FIG. 2 is a flow chart of another preferred embodiment of a LiDAR point cloud panorama segmentation method based on polar BEV graphs according to the present invention.

FIG. 3 is a schematic diagram of one embodiment of a reference network model of a LiDAR point cloud panorama segmentation method based on polar BEV graphs, according to the present invention.

FIG. 4 is a semantic/instance segmentation visualization at one embodiment of a COCO dataset of a LiDAR point cloud panorama segmentation method based on polar BEV graphs according to the present invention.

FIG. 5 is a schematic view of a panoramic segmentation visualization on a Semantic KITTI dataset of an embodiment of a LiDAR point cloud panoramic segmentation method based on polar BEV graphs in accordance with the present invention.

Detailed Description

The invention is further illustrated by the following figures and specific examples.

Example 1

As shown in fig. 1, step 100 is performed, including obtaining origin point cloud data comprising randomly sized points,

step 110 is performed to perform polar BEV encoding on the original point cloud data, where the polar BEV encoding is to create a representation of a fixed size by projection and quantization to process the original point cloud data, and to balance the distribution of points in different ranges by using polar representation points. In this step, the following sub-steps are included:

step 111 is executed to group the original point cloud data according to the position of the BEV graph in polar coordinates, and the point cloud data is obtained

Grouping->

Wherein (1)>

For real space, D is the dimension of the input feature, N is the number of point clouds, N ^* Is the number of points in each BEV mesh.

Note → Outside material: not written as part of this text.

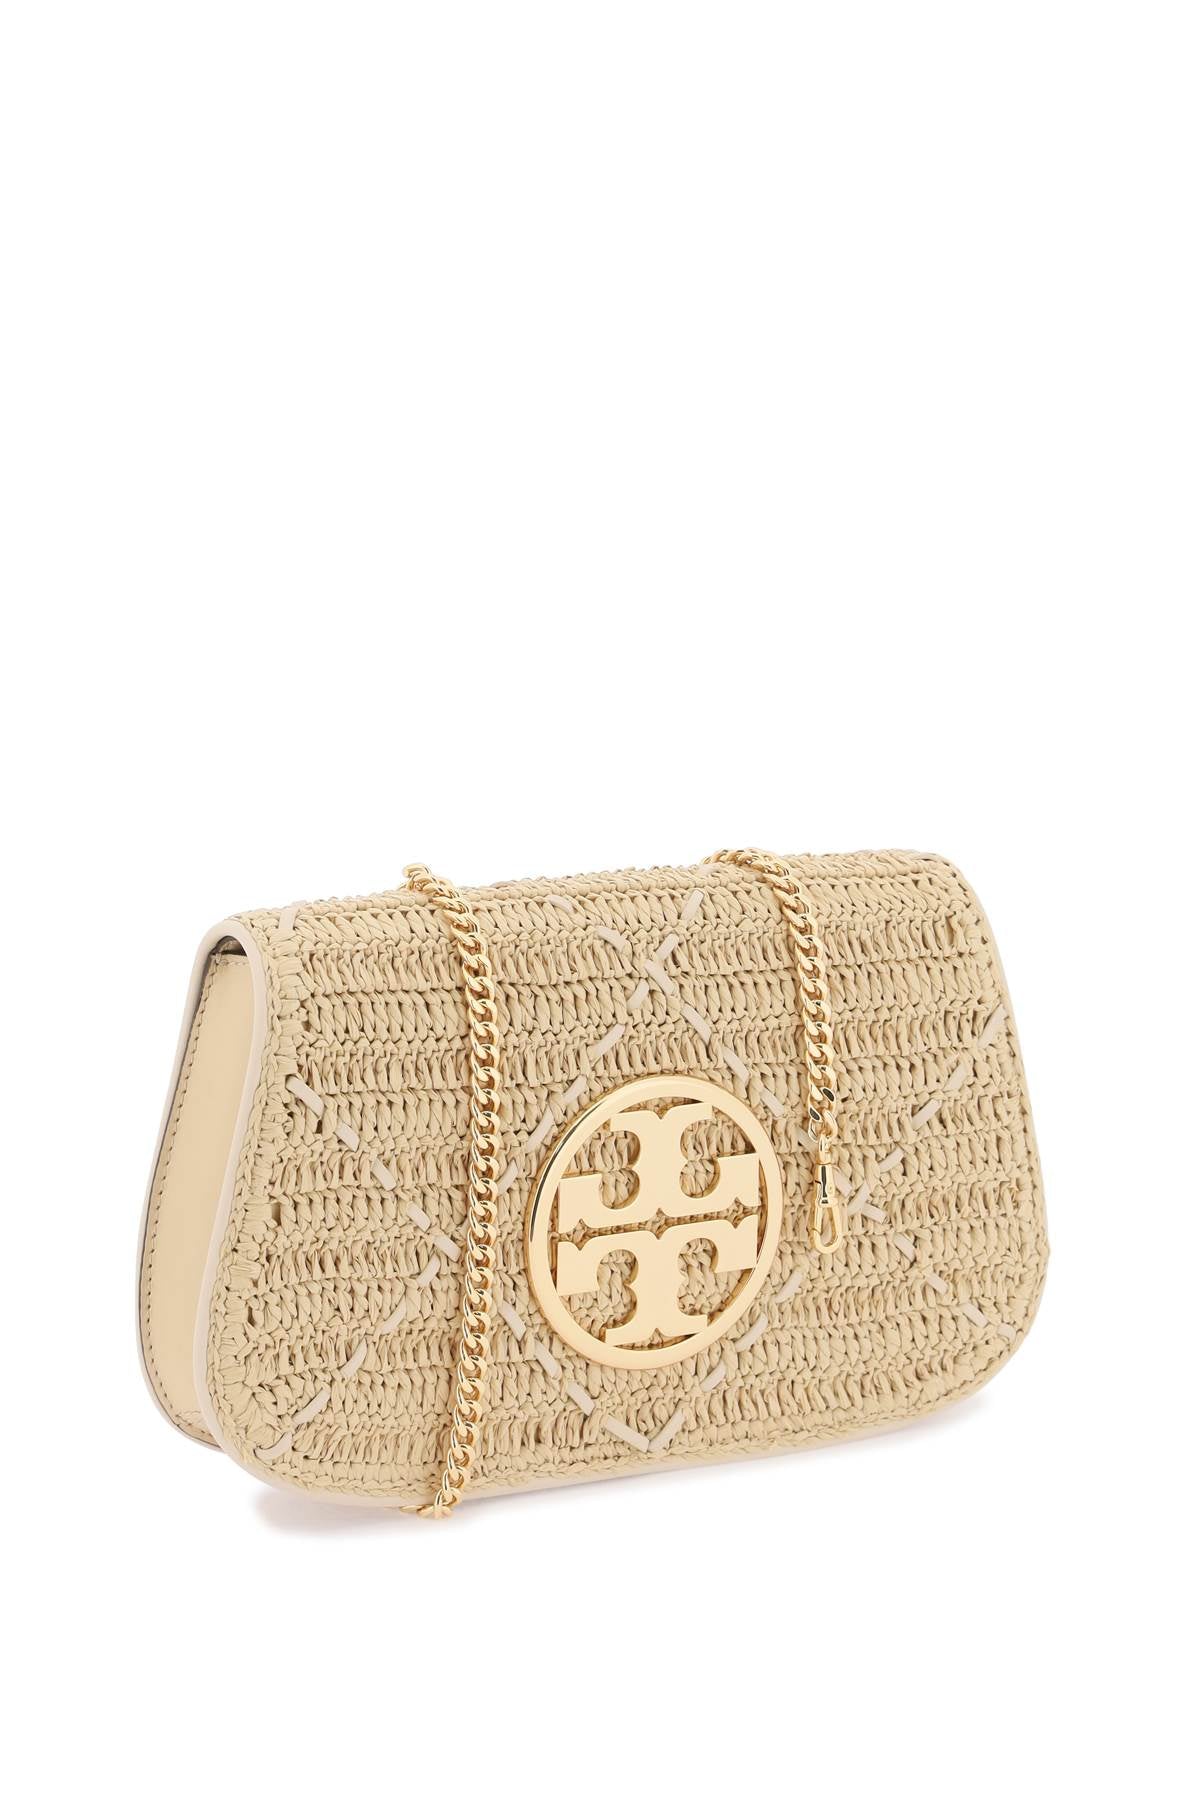 Tory Burch Replace With Double Quotereva Raffia   Beige

Step 112 is executed to share a multi-layer perceptron MLP, and point-to-point cloud grouping is performed by using polar Net network

Encoding is performed.

Step 113 is performed, loading a max-pooling layer on each BEV grid, creating a fixed-size BEV code,

where H and W are the mesh sizes of the BEV map and C is the characteristic channel.

Step 120 is performed to perform semantic/instance segmentation prediction on the BEV code of fixed size, the semantic/instance segmentation prediction being given a LiDAR point cloud space for all points

And realizing the segmentation prediction of semantics and examples. In this step, the following sub-steps are included:

step 121 is performed to traverse all points in the LiDAR point cloud, and calculate the visibility of the entire 3D space, i.e., under a polar coordinate system, all points (x, y, z) along the same direction α (x, y, z) and satisfying 0< α <1 are included in the visibility space.

Step 122 is performed to construct a reference depth network based on the Unet framework, including depth network models of 4 coding layers and 4 decoding layers.

Step 123 is performed to connect the visibility feature with the feature representation generated by the polar BEV encoder, input into the reference depth network, and generate a 2D instance header and a 3D semantic header. Each layer of the coding portion of the reference depth network consists of a 3 x 3 convolution, a batch normalization process, a correction linear unit, and a max pooling operation; each layer of the decoding section consists of an upsampling convolution, attention-gating based feature concatenation, and a 3 x 3 convolution; the last layer in FCN-1 normalizes the output to a probability map of [0,1] using the sigmoid function as the activation function.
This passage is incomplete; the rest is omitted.